A new rule will punish for the first time the use of dollars, other currencies and cryptocurrencies in Venezuela. Parliament, an ally of Nicolás Maduro, approved last week a modification to the Tax on Large Financial Transactions that, with the distortions in the Venezuelan economy, will hit hard those who have taken refuge in dollars to save themselves from the hyperinflation that it has experienced. the country for the past four years. According to the text approved by the deputies, still awaiting its publication in the Official Gazette, paying with foreign currency will have a surcharge of between 3% and 20%.
“This law will allow the State to receive the dollars pocketed by the rich and large merchants,” said Jorge Rodríguez, head of the Venezuelan Parliament, during the debate on the regulations. Economists and tax specialists, on the contrary, point out that the tax is regressive and will have an inflationary impact, at the same time that it will encourage evasion and greater informality in payments.
The measure, which could come into force on March 1, has already generated great rejection and much uncertainty in the midst of the complicated Venezuelan economic crisis, in which the payment system has been disrupted with payments in different currencies and obstacles due to the lack of bills to give change. But Maduro has come out to defend her. This Monday he pointed out that there was a campaign against the law that only sought to “charge more to those who have more, to millionaires and billionaires” in a country with more than 90% of citizens in poverty. “That money that we are going to charge will have a very good effect for this year’s social investment and in strengthening the bolivar,” said the president.
Although referring to “large financial transactions” could give an idea that companies or individuals that move large amounts of money will be charged, in Venezuela the so-called special taxpayers are almost all. The income range to enter this category is to receive more than 30,000 annual tax units, which in the Venezuelan economy is equivalent to just over 120 dollars. In addition, analysts have warned that the regulations penalize the means of payment in foreign currency, not the amount of the transaction, which is why it will affect even those who go to the supermarket to buy eggs. Since 2016 there was already a tax for large transactions in bolivars, which with inflation became outdated. This new 3% tax will be added to the Value Added Tax, which is set at 16% for most goods.
The business association Fedecamaras has warned about the consequences that the application of this rate will have and asked Parliament to incorporate the private sector into a review of the provisions before their official publication. “Fiscal voracity will cause economic agents to go out of business due to high rates,” said Carlos Fernández, president of the organization.
The Maduro government has set itself two objectives with this new tribute. First, increase tax revenue, so for the 2022 budget he estimated a higher collection through this route than through income tax. In the report for discussion it is pointed out that this tax, which until now was charged to large transactions in bolivars, already represents 13% of the total collection, so with the inclusion of transactions in dollars they hope to increase that percentage. Chavismo seeks to take advantage of the dollars in which 70% of the country’s transactions are made and of the timid economic recovery that some sectors are experiencing, after having lost two thirds of the GDP. Second, it has a further goal of “de-dollarizing” the economy, which reached this point as a result of the voracious hyperinflation that led to more than a decade of controls. The incentive to use the bolívar that this measure supposes could become an inflationary boomerang.

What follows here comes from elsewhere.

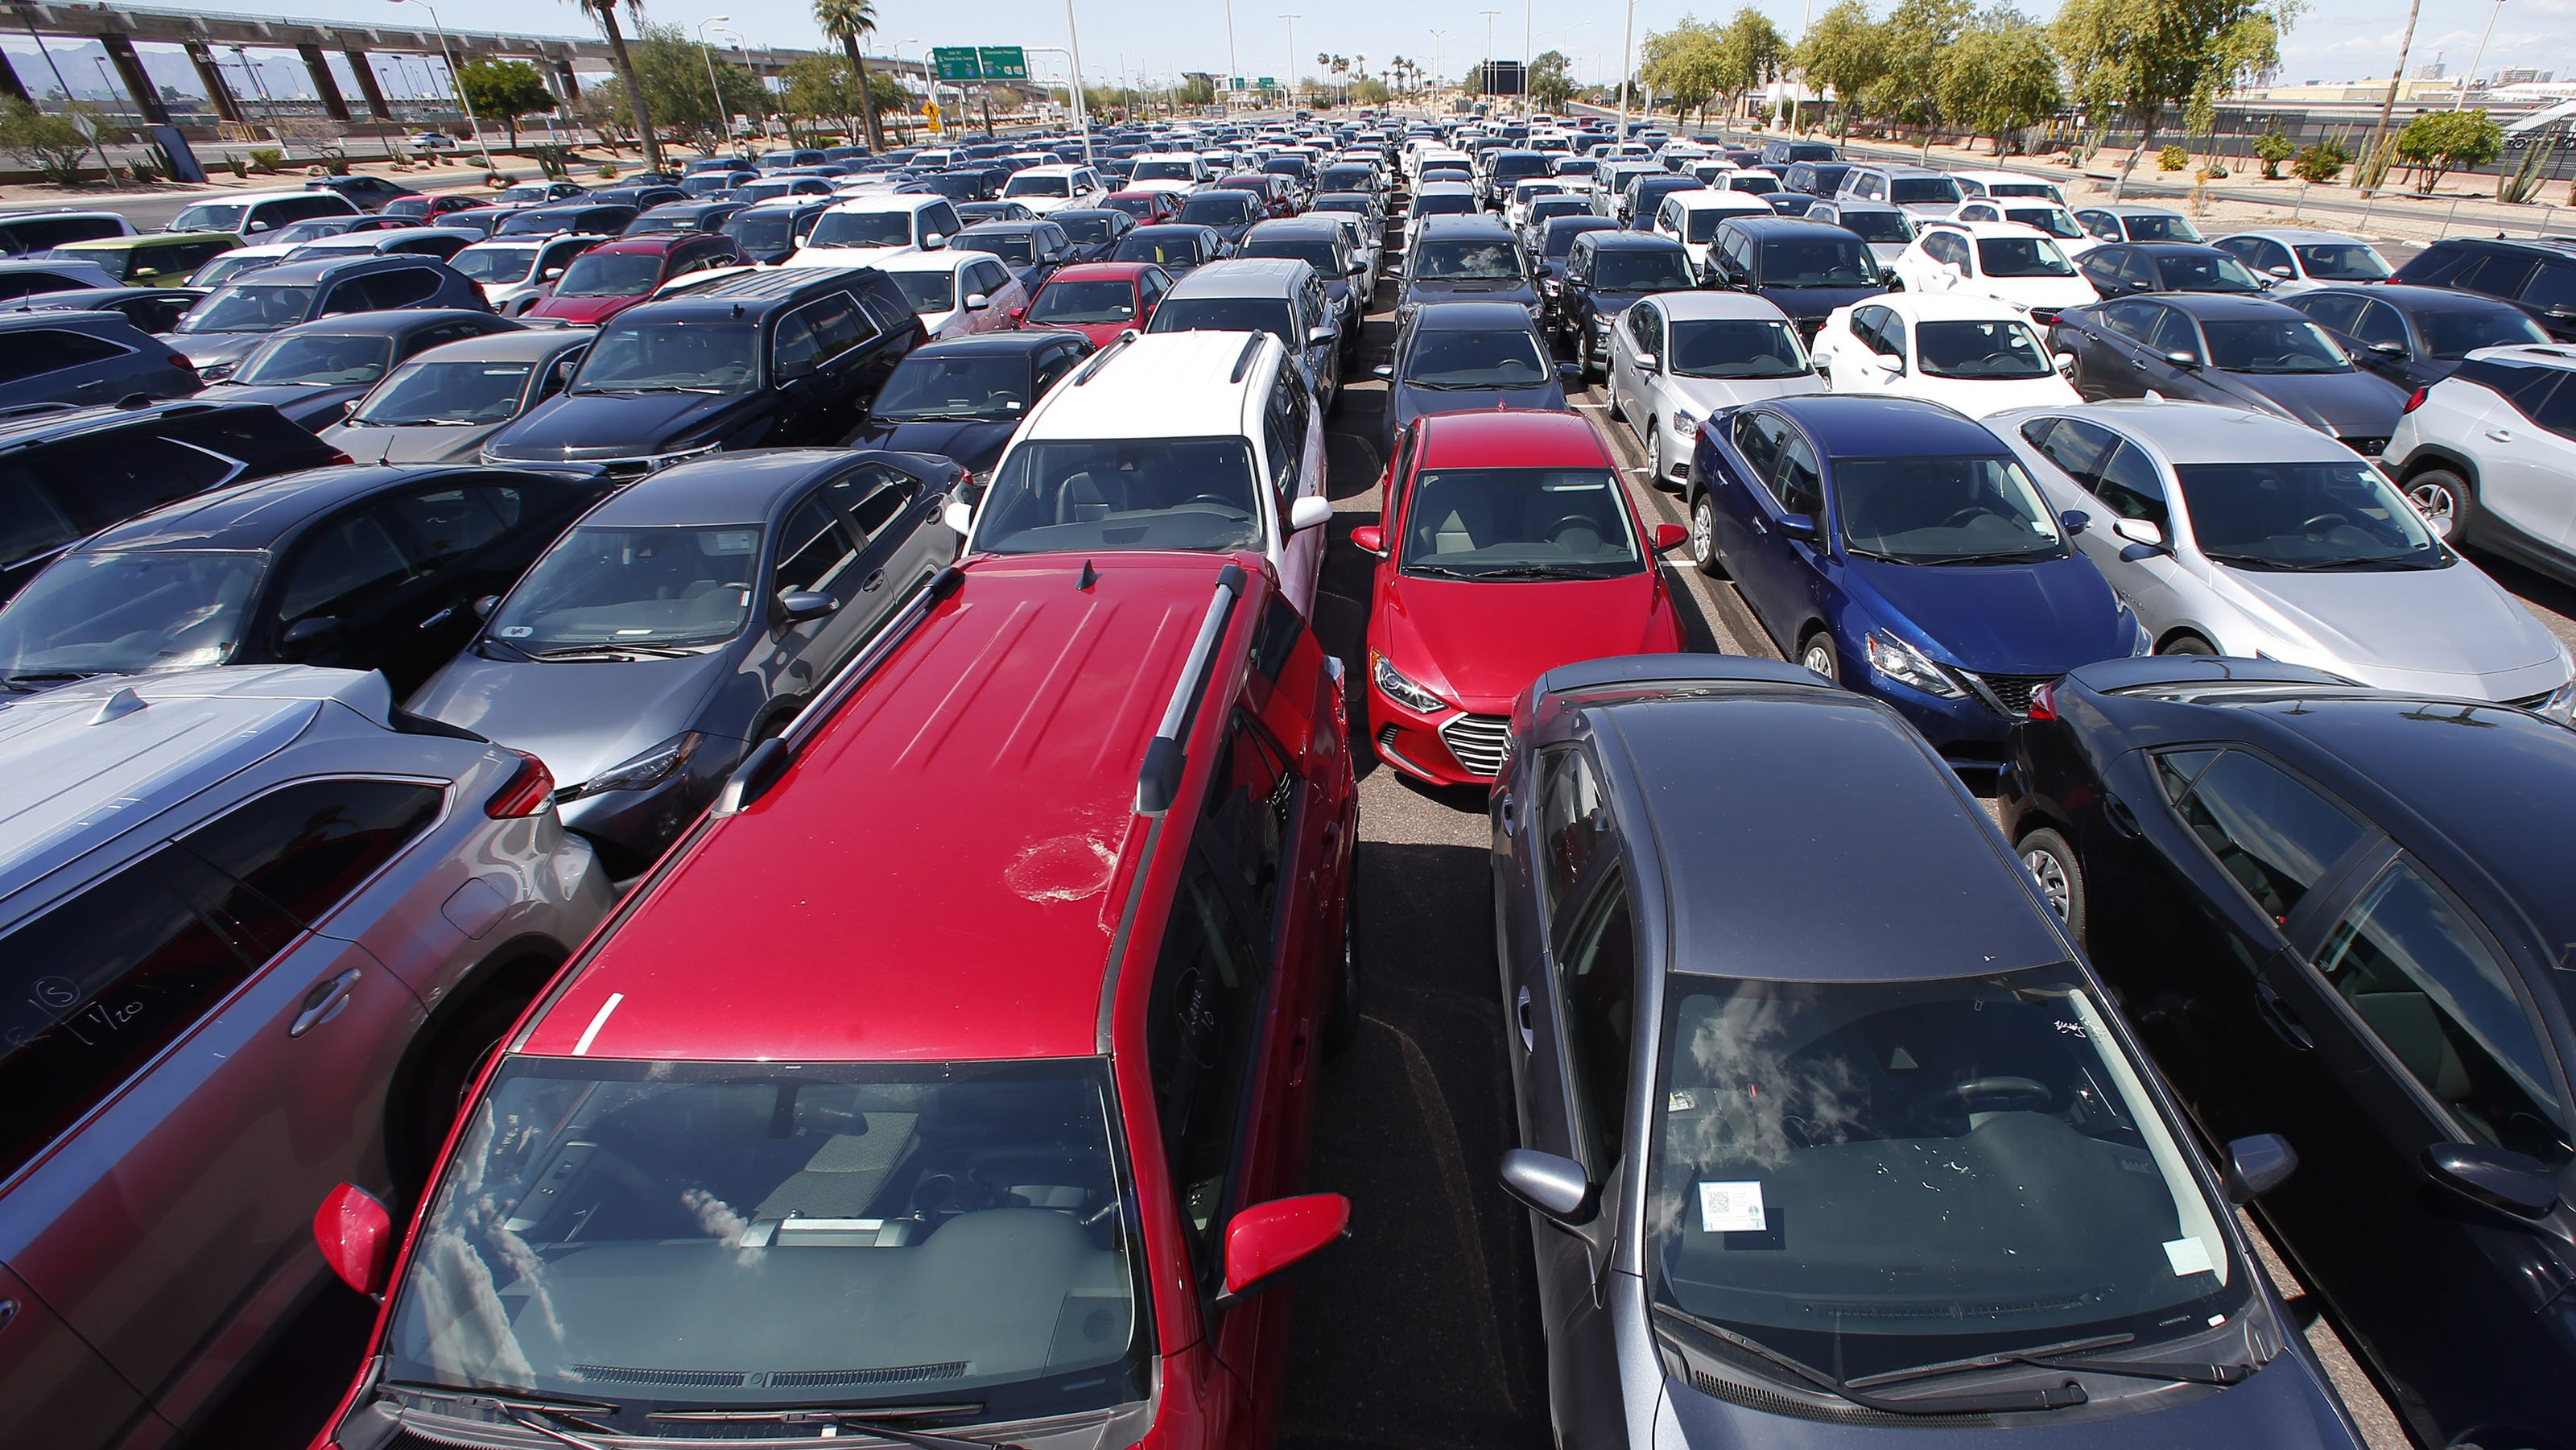 Coronavirus: Unused rental cars fill Phoenix airport parking lots

He knows in depth all the sides of the coin.
The apparent opening of the economy to which Maduro has been forced seems contradictory in the face of these measures that rather contract consumption, a kind of “Doctor Jekyll and Mister Hyde” for the economist Manuel Sutherland. “In the midst of an economic crisis, contractionary measures are not taken. This tax is a legal-tax aberration, it is openly regressive, strictly unequal, it reduces consumption and will attack purchasing power and GDP”, says the director of the Center for Research and Training of Workers.
Maduro pointed out that with greater tax collection it will be possible to increase salaries that have lost all meaning in Venezuela, where the vital minimum does not reach two dollars a month, which is what pensioners and a large part of public administration employees receive. . “This is offering to pay a person with the money you take away from them,” says the economist.
The same government that decided to fill the shelves at any cost, after the brutal years of greatest scarcity between 2014 and 2016, that promoted imports without tariffs to the detriment of national production, that eliminated price controls and decriminalized illicit exchange to give entry to an informal dollarization of the economy now seems to turn the wheel again towards putting more limits on the economy. To this Sutherland adds the recent updates of the tariffs for procedures in notaries and registries that make the establishment of companies more difficult. The new tax that Venezuelans will pay comes just after the first year that the GDP recorded slight growth after seven years of decline.